The survey was conducted by a team of scientists with the Smithsonian Environmental Research Center, Williams College and the Charles Darwin Foundation, and published this week in the journal Aquatic Invasions.
Researchers began their search for non-native species in 2015 by hanging underwater settlement plates from docks on Santa Cruz and Baltra, two the archipelago's larger islands. Scientists monitored the species that attached to and grew on the plates.
The team of ecologists also sampled mangrove roots, as well as searched previous studies of Galapagos invaders.
The survey revealed 48 non-native species, mostly sea squirts, marine worms and moss animals, or bryozoans. Of the 48 species, 30 were new. Another 17 of were previously described but erroneously thought to be native.
The final species, the bryozoan Watersipora subtorquata, was first found in 1987 but wasn't identified until now. James Carlton, an emeritus professor of the Maritime Studies Program of Williams College-Mystic Seaport, scraped the species off the hull of a boat more than two decades ago.
"I carefully stored them away and faithfully kept them all these years," Carlton told UPI. "The 2015 survey offered me the chance to get the samples in front of the eyes of some expert bryozoan taxonomists."
Researchers found the bryozoan species still growing near where Carlton had found it before.
"It's still there," Carlton said. "Had I not collected it in 1987, its arrival would have been dated 2015. An accurate history of invasive species in the region is hard to come by. What we're doing is establishing a new baseline."
Watersipora subtorquata is one of several bryozoan species detailed in the new study of Galapagos invaders. Most bryozoans form colonies, and some can grow quite large.
Another one of the colonial byrozoan species identified by Carlton and his research partners is Zoobotryon verticillatum, which was recently renamed Amathia verticillata. The species is sometimes called spaghetti bryozoan or spaghetti weed. In California and Europe, the invader is known for clogging pipes, fouling fishing gear and killing seagrasses.
"We've seen colonies of spaghetti weed measuring about three feet long and a foot wide, so it's an impressive colonial animal," Carlton said. "In Southern California, I've seen colonies measuring three by six."
"Especially with climate change, these are the kinds of species that are going to benefit from a warmer Galapagos," Carlton said.
Almost all of the non-native species now found in the Galapagos arrived on the bottoms of boats. Though tourist traffic has picked up in recent decades, researchers estimate the majority of invasive species make their way to Galapagos waters on the hulls of commercial shipping vessels. And with the expansion of the Panama Canal, the risk of invasion is increasing.
Conservationists are especially worried that the Indo-Pacific lionfish, currently wreaking havoc in the Caribbean, could make its way through the Panama Canal.
To prevent the arrival of the lionfish and other damaging invaders, Galapagos authorities have created an aggressive invasive species prevention program.

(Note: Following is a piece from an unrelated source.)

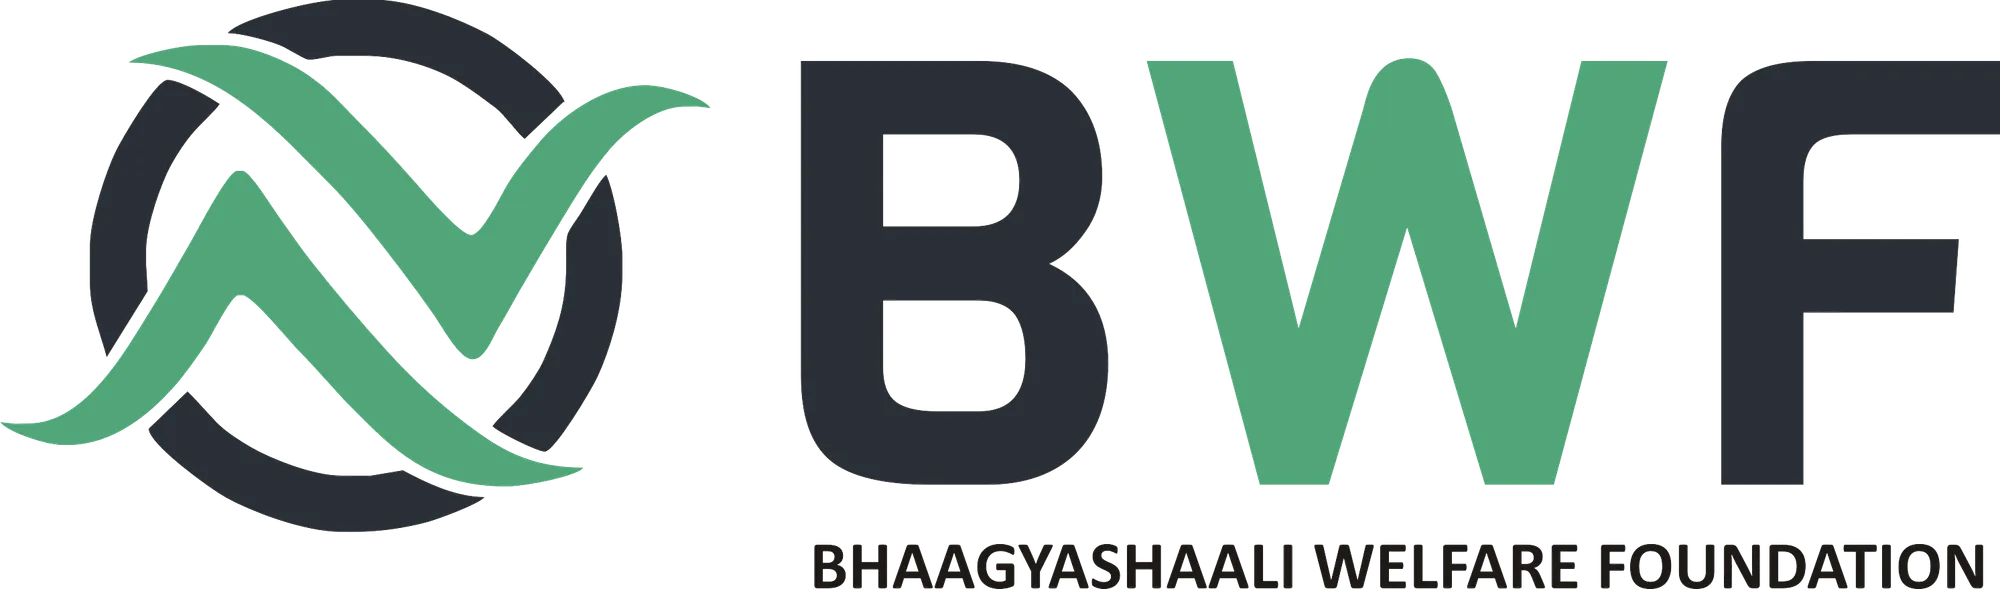 Bhagyashaali Welfare Foundation

All international vessels entering the Galapagos Marine Reserve are inspected by divers. If non-native species are spotted on a boat's hull, the vessel must leave and be cleaned before returning.
While the prevention program is a positive, Carlton said it isn't foolproof.
"A lot of these species begin their lifecycles as tiny organisms, sizes perhaps too small for underwater divers to spot," he said.
For some time, scientists have known non-native species are making their way to the Galapagos. In 2015, researchers realized they didn't have a great sense of the scale of the invasion.
"Now, we've kind of gotten the grasp on that," Carlton said. "The next step is to nail down what the impacts on the native species."